THe idea of a depositor losing their money in the  euro zone when that depositors lender of last resort is the ecb is ludicrous.


----------



## joeryan (20 Apr 2011)

> THe idea of a depositor losing their money in the  euro zone when  that depositors lender of last resort is the ecb is ludicrous.



Does that mean our money is safe in BOI/AIB or not?


----------



## bugler (20 Apr 2011)

dockingtrade said:


> THe idea of a depositor losing their money in the  euro zone when that depositors lender of last resort is the ecb is ludicrous.

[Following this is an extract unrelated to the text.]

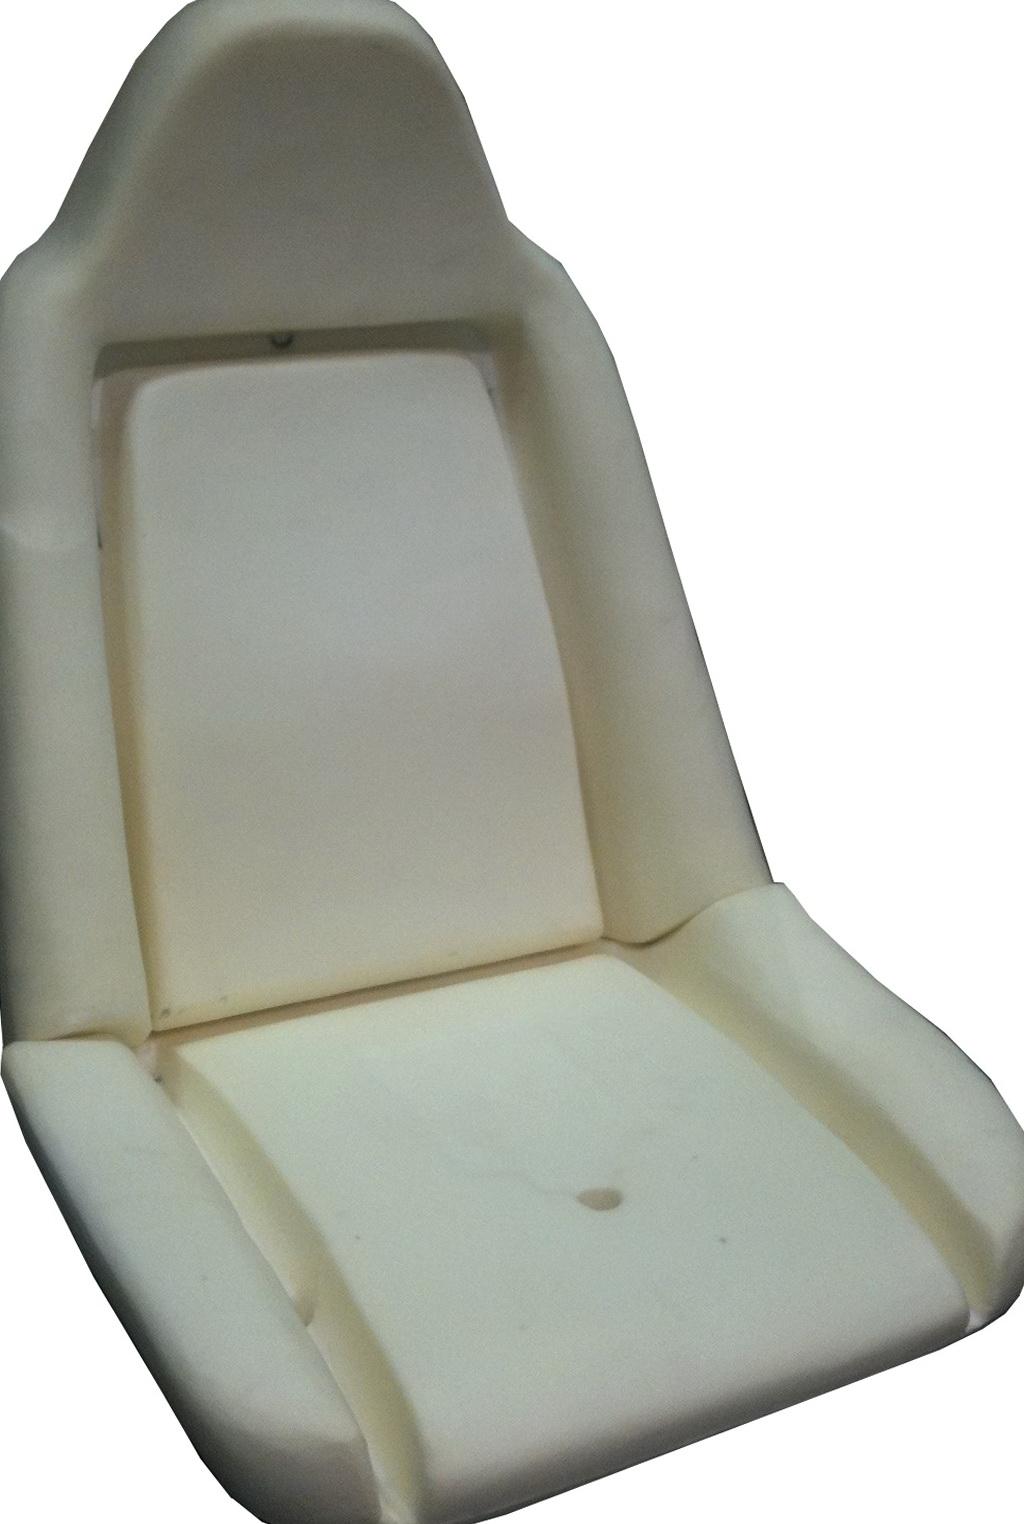 Auto Seat Cushion Foam Replacement Home Design Ideas

Here are more ludicrous ideas, from the vault:

1. Property prices falling.
2. An Irish bank failing.
3. The IMF coming to Ireland.

etc...


----------



## Paddyman (20 Apr 2011)

CiaranT said:


> 1) There is a very high probability of the state defaulting/restructuring our sovereign debt.
> 
> 2) Your decision. BoI are junk rated and dependent on the ECB and the state for ongoing support. There are certainly 'safer' options.
> 
> What account do you have with BoI?



To get back to the original queston, what are the "safer" options?


----------



## UFC (20 Apr 2011)

Paddyman said:


> To get back to the original queston, what are the "safer" options?



The way I am calculating it is where are people likely to transfer their money if things get worse? They have to put their money somewhere.

IMO most people are not sophisticated enough to buy gold or silver or invest in stable companies, so it is likely they will just transfer it into whatever is assumed to be a "safe" bank. IMO this is probably Rabo.


----------



## Lightning (20 Apr 2011)

Paddyman said:


> To get back to the original queston, what are the "safer" options?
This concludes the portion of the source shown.